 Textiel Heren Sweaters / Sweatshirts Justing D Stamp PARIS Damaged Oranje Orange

* * *

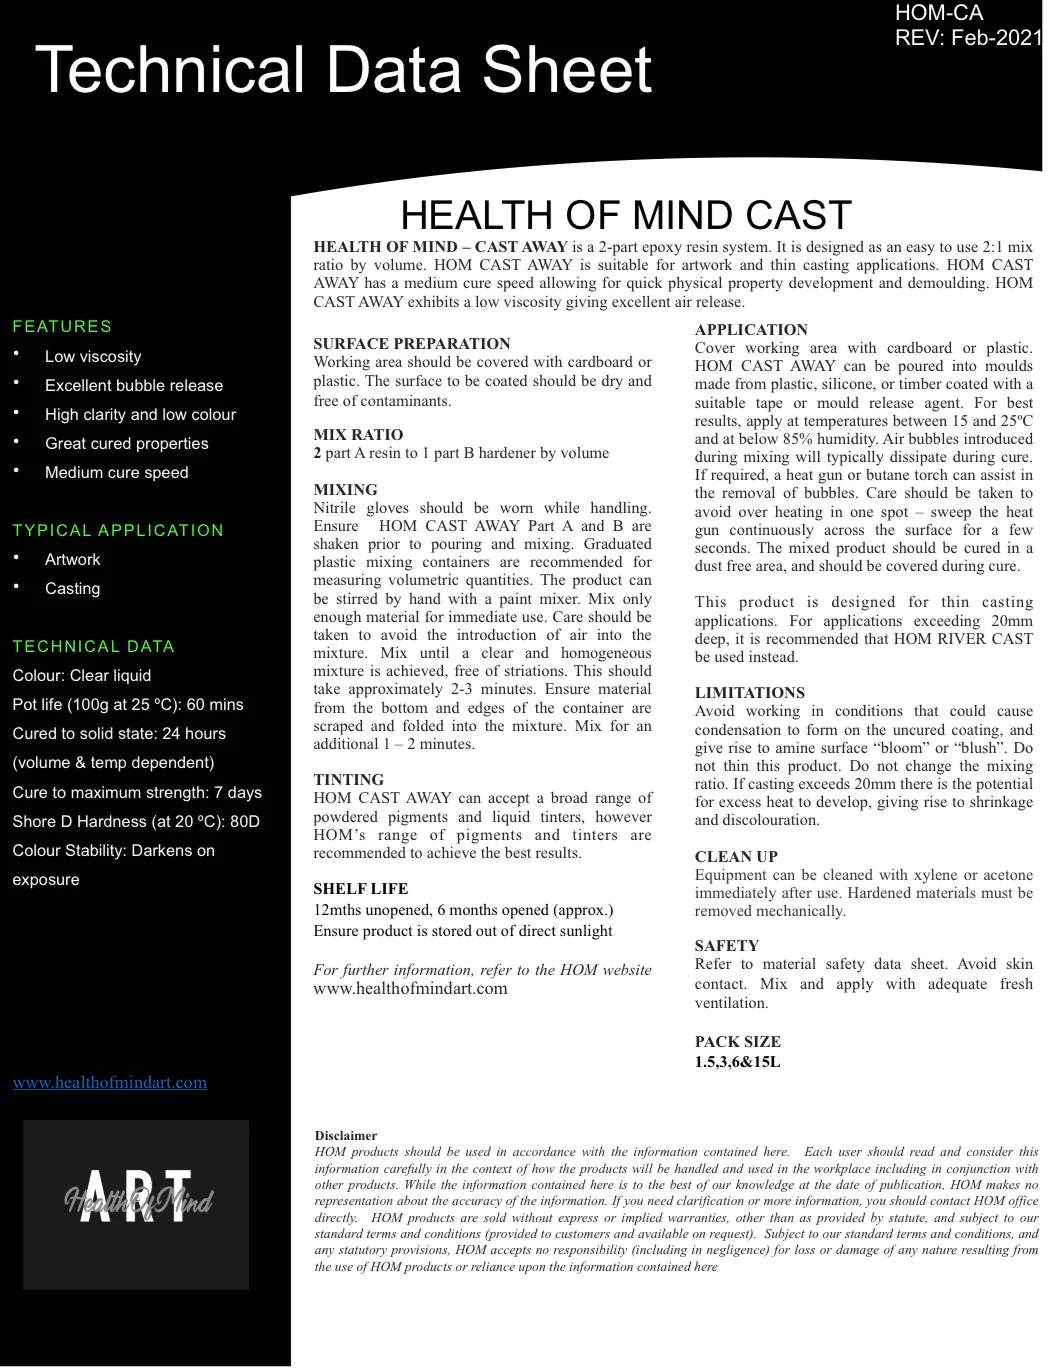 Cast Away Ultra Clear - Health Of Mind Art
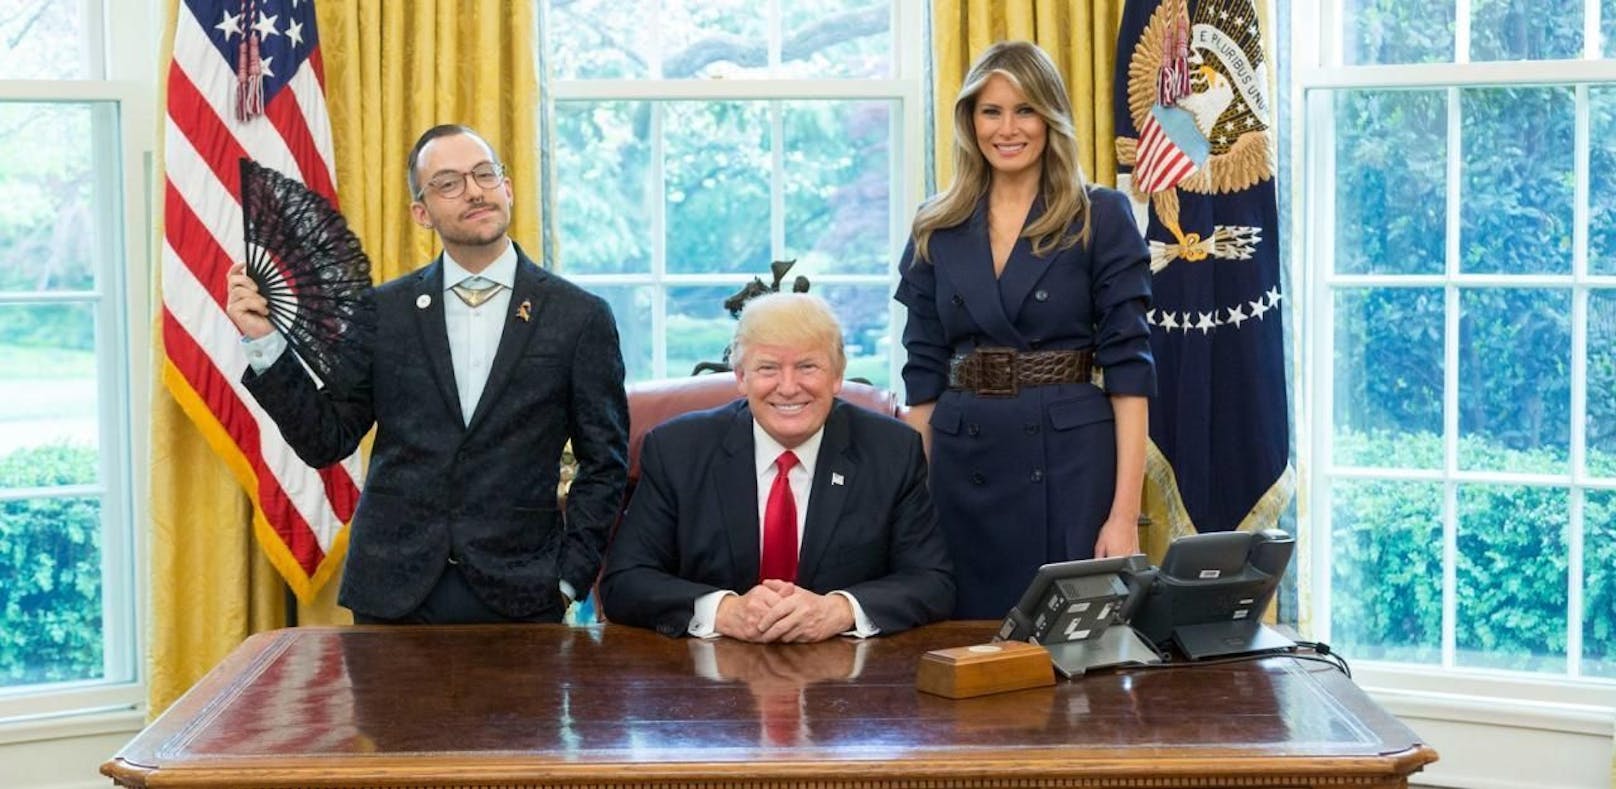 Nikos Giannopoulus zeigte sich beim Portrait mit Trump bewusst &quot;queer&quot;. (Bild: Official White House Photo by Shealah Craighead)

---

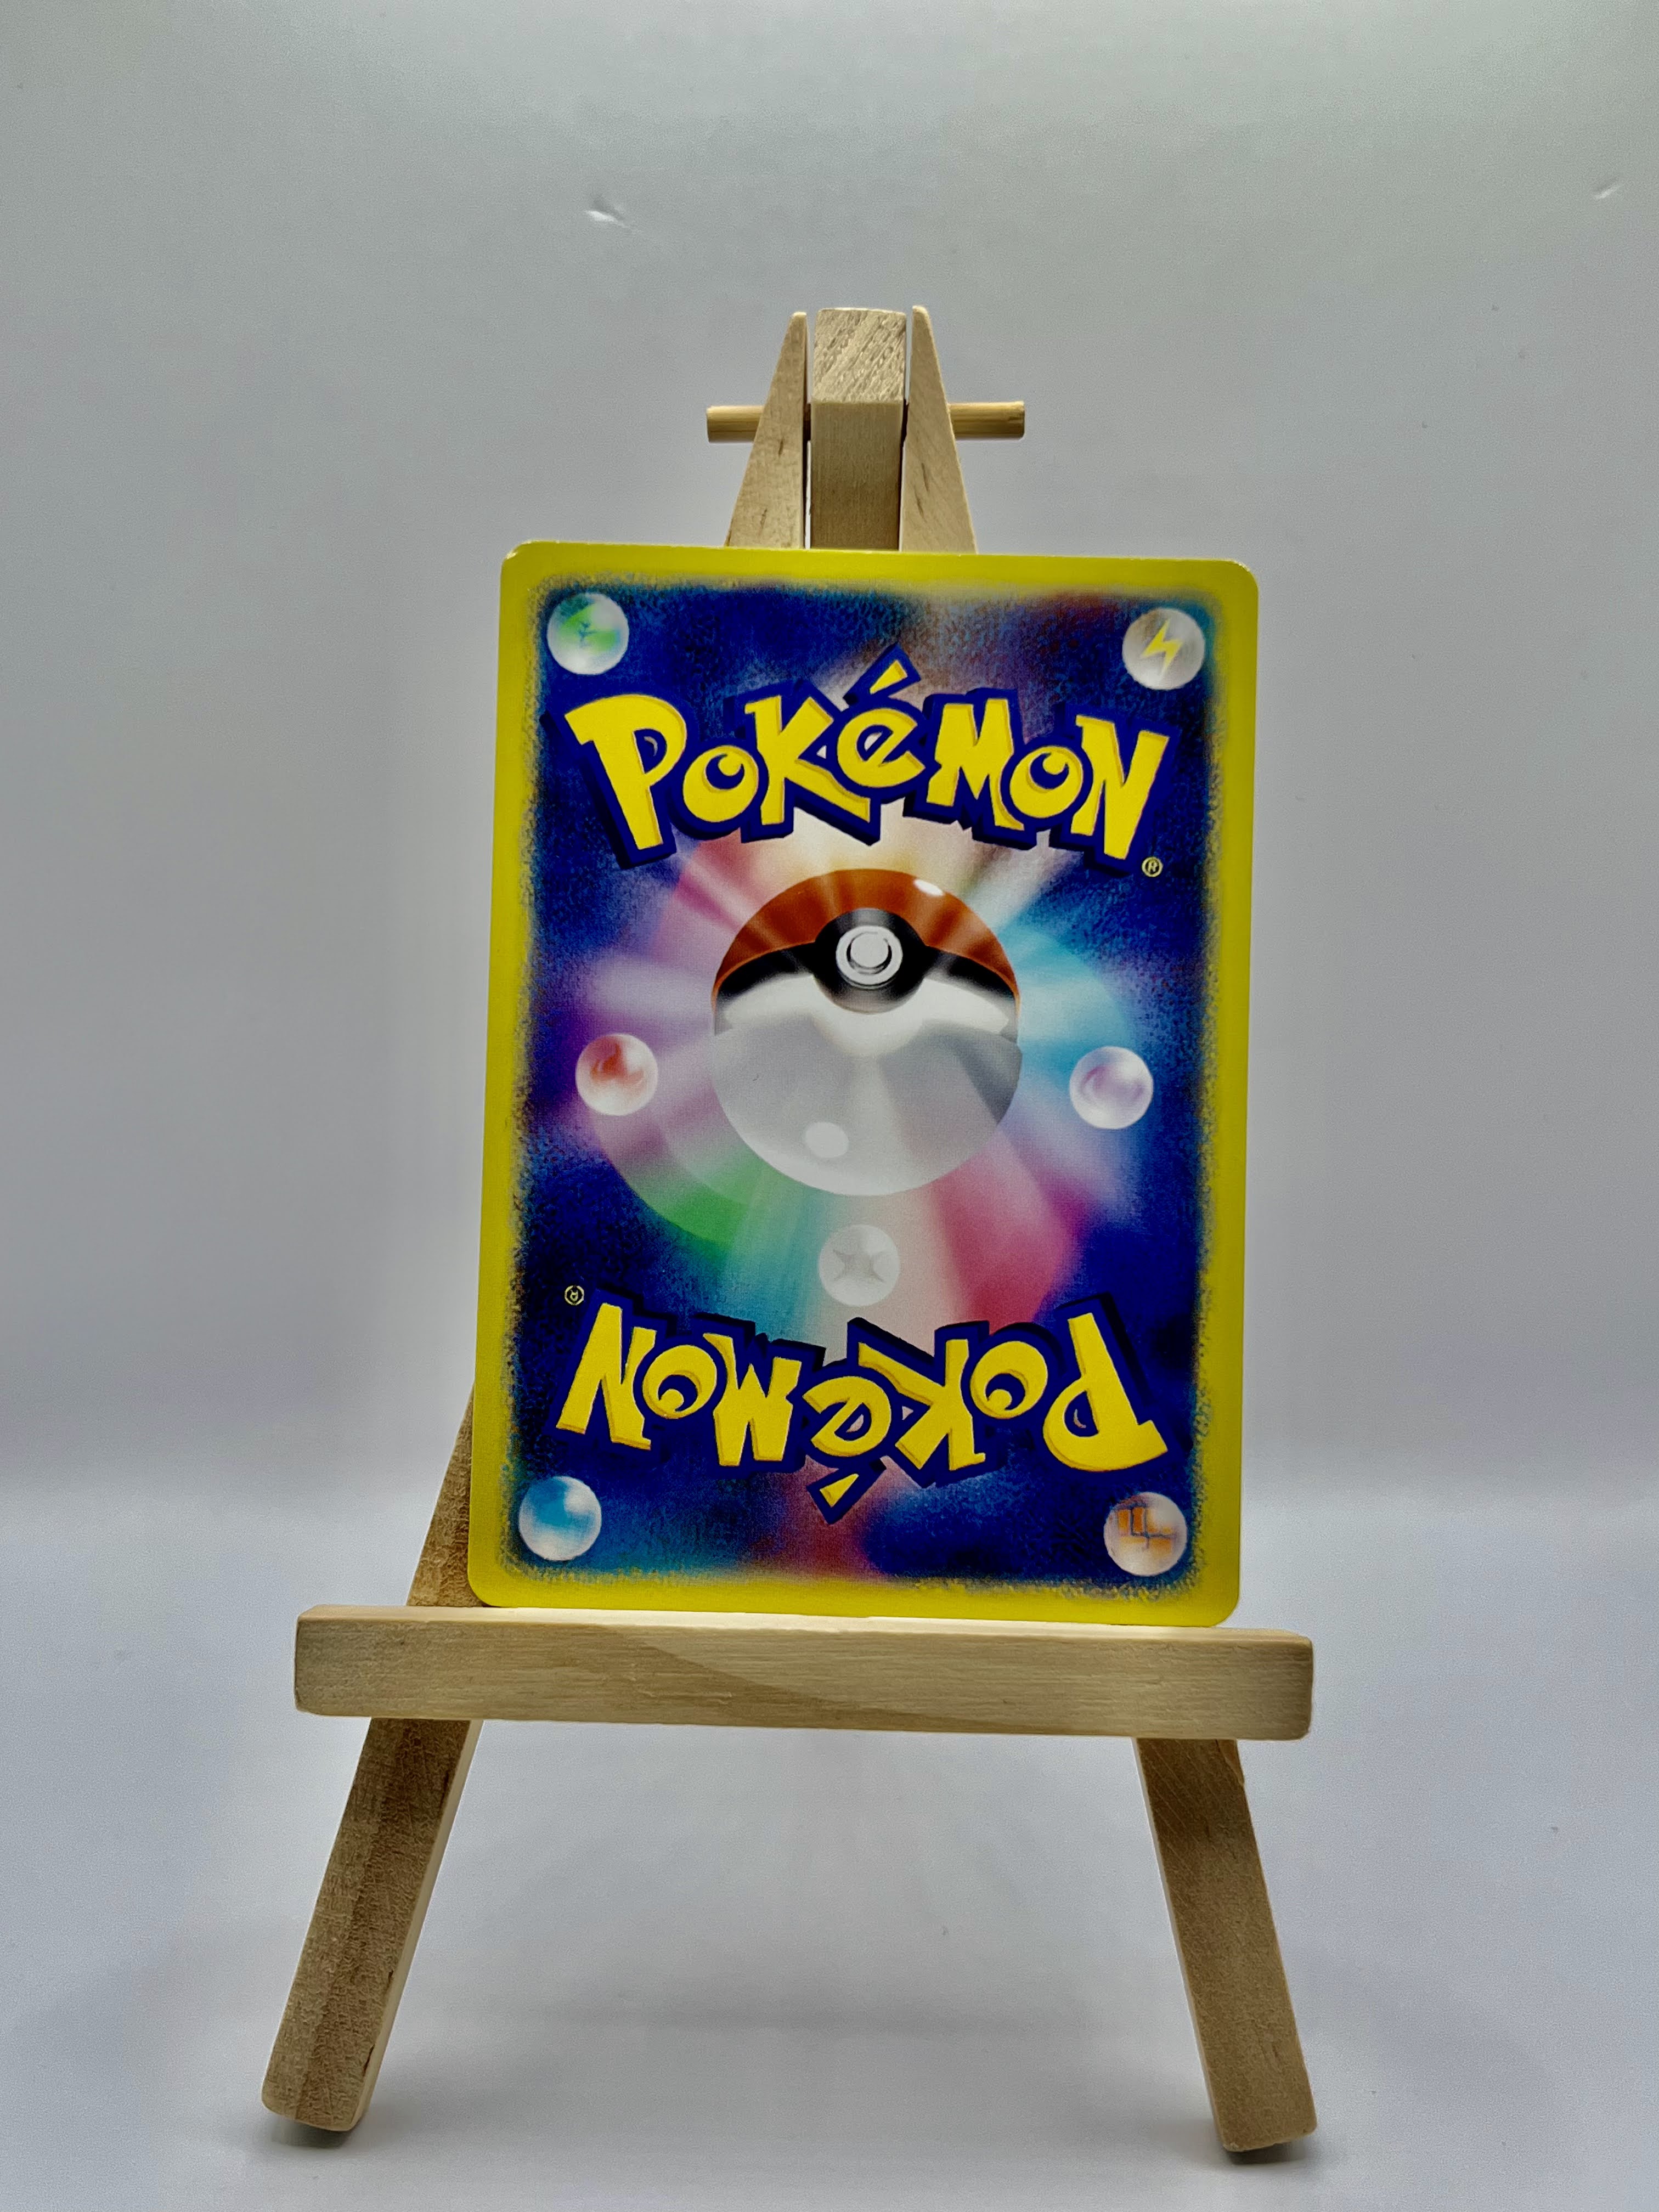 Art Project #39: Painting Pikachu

--- EXERCISE OBJECTIVE ---
Give back the exact lines above, running from the one that has "Cast Away Ultra Clear - Health Of Mind Art" through the one that has "Nikos Giannopoulus zeigte", with nothing added and no pictures.

--- ANSWER TO THE PROBLEM ---
 Cast Away Ultra Clear - Health Of Mind Art
 Nikos Giannopoulus zeigte sich beim Portrait mit Trump bewusst &quot;queer&quot;. (Bild: Official White House Photo by Shealah Craighead)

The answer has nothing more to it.